21 nov, Lc 21, 1-4 : La veuve et le son de la Schoupheroth

 In Méditer les écritures

Évangile :

Comme Jésus enseignait dans le Temple, levant les yeux, il vit les gens riches qui mettaient leurs offrandes dans le tronc du trésor. Il vit aussi une veuve misérable y déposer deux piécettes.

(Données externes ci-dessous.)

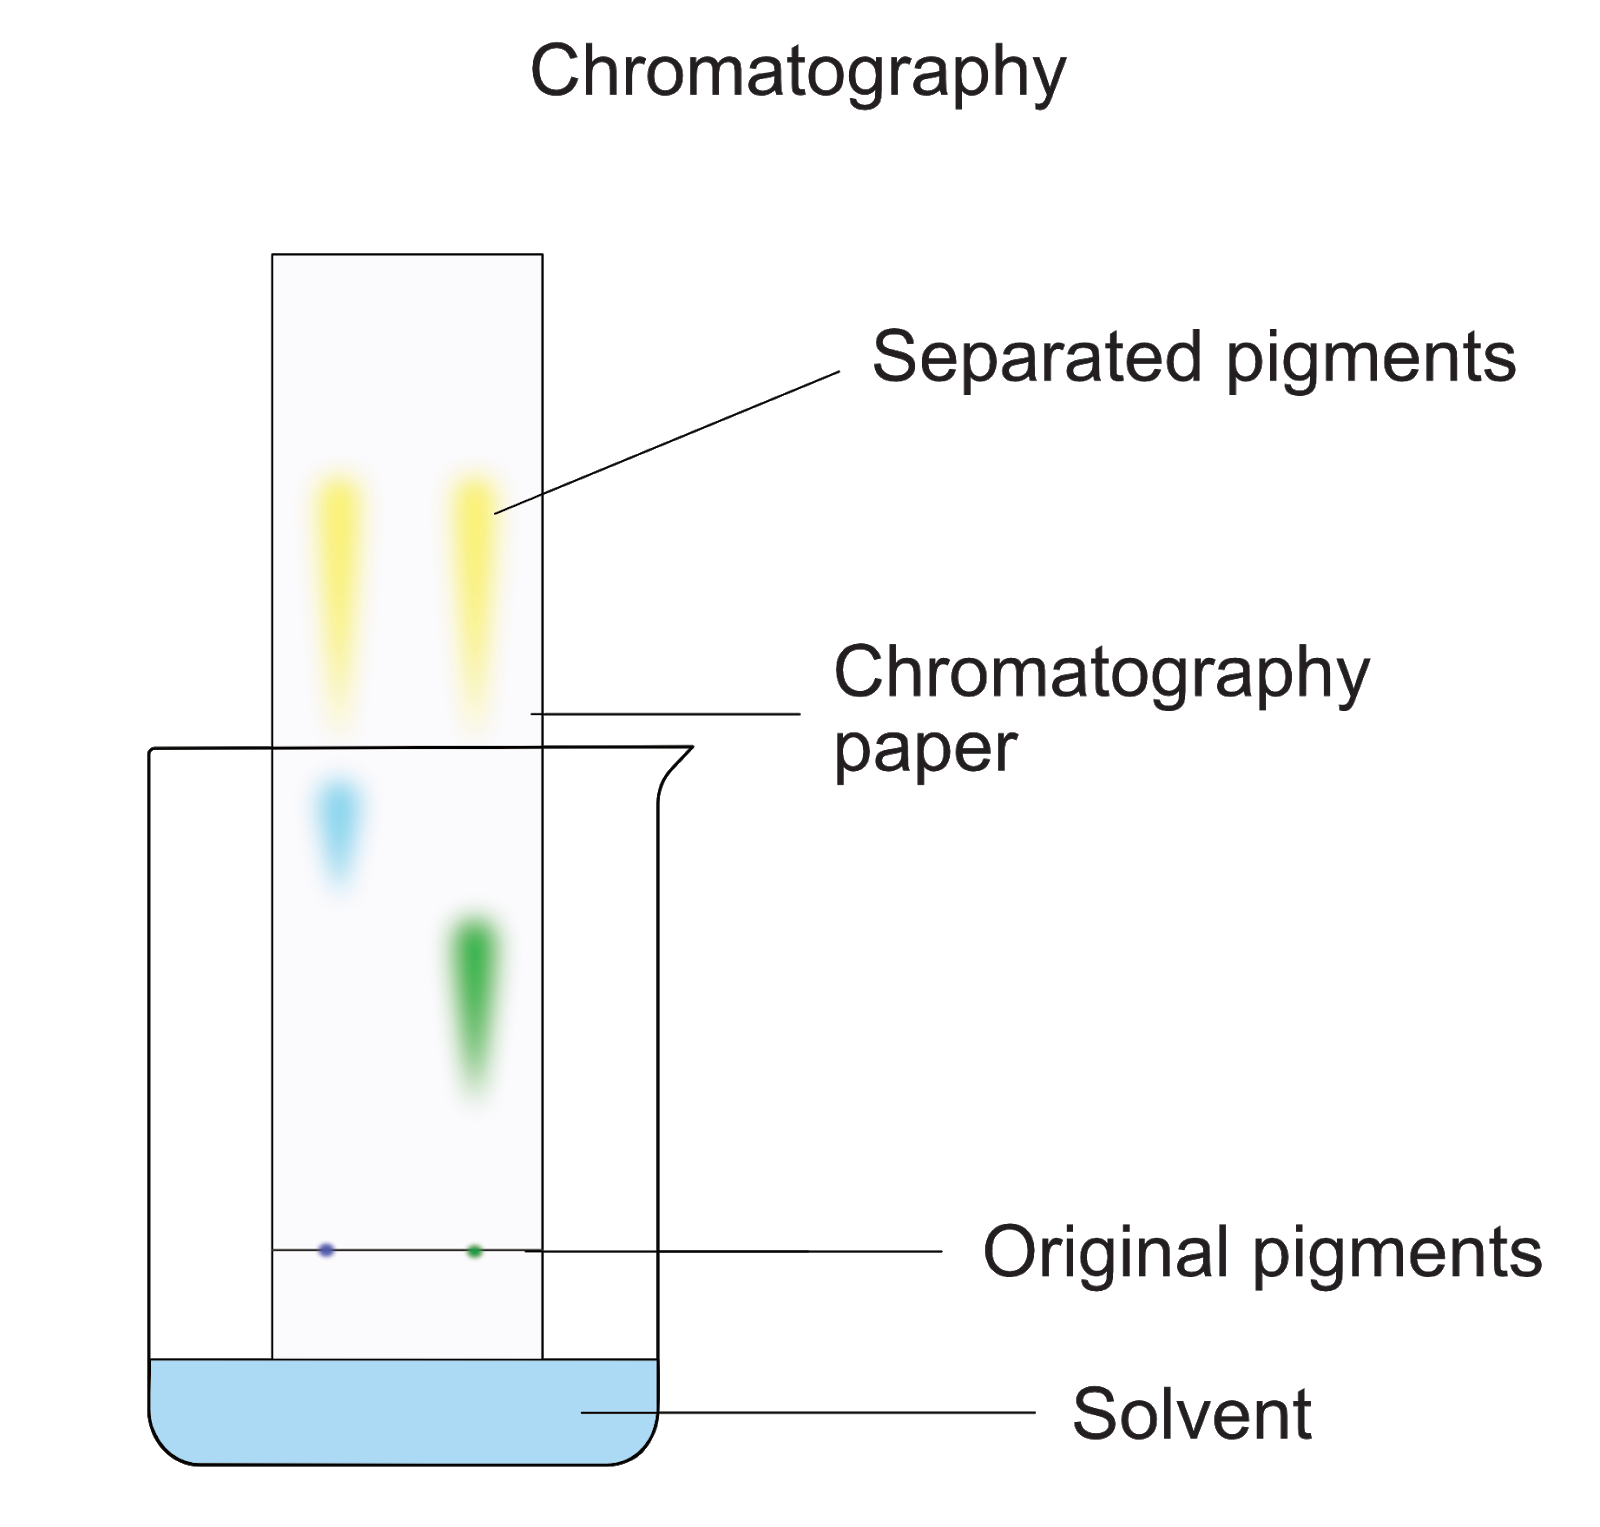 Chromotagraphy, figure 1

Alors il déclara : « En vérité, je vous le dis : cette pauvre veuve a mis plus que tout le monde. Car tous ceux-là ont pris sur leur superflu pour faire leur offrande, mais elle, elle a pris sur son indigence : elle a donné tout ce qu’elle avait pour vivre. »

Commentaires :

Jésus enseignait dans le Temple, il se trouve dans une partie du temple qui n’est accessible qu’aux Juifs. Cette cour est carrée, chaque côté est de 60 mètres. Tous les Israélites y sont admis. Nous pouvons voir les hommes et les femmes s’y promener librement. Toutefois, les femmes ne peuvent aller plus loin que cette cour, c’est pourquoi elle porte le nom de cour des femmes. Pour accéder à ce lieu à partir de la cour des Gentils, il y a treize portes dans une balustrade de pierre et devant les portes, il y a treize colonnes où est bien indiquée l’interdiction de passer aux païens sous peine de mort. L’avis est sur chaque colonne en grec et en latin. Après avoir traversé une des portes, l’Israélite passe un couloir d’environ 4 mètres et parvient à l’une des neuf portes de la cour des femmes, percé dans un mur de 11 mètres. En passant la porte, un portique et devant les portes treize troncs nommés Schoupheroth (trompettes), à cause du goulot étroit qui les couvrait. C’est là que les gens déposaient les offrandes pour les divers services du Temple. Évidemment, une somme importante de pièces faisait un vacarme dans la trompette, une musique de pièces toute à l’honneur de celui qui était près du tronc à ce moment. Les gens se retournaient au bruit pour regarder le généreux donateur. Il n’est pas inutile de dire que chaque tronc recevait les dons pour une fonction particulière dans le Temple. Les responsables du Temple indiquaient en langage hébraïque à quoi servaient les dons de chaque tronc. L’un servait à couvrir les dépenses de l’année, l’autre celui de l’année précédente. Sur un troisième, on pouvait lire : colombes et tourterelles. C’est là que Joseph, le père de Jésus avait déposé des pièces lors de la présentation de Jésus au Temple. Il y avait un tronc pour les holocaustes, un autre pour l’achat du bois servant au feu des sacrifices, un autre pour l’encens, pour le Sanctuaire. Les six derniers étaient destinés à des dons à volonté.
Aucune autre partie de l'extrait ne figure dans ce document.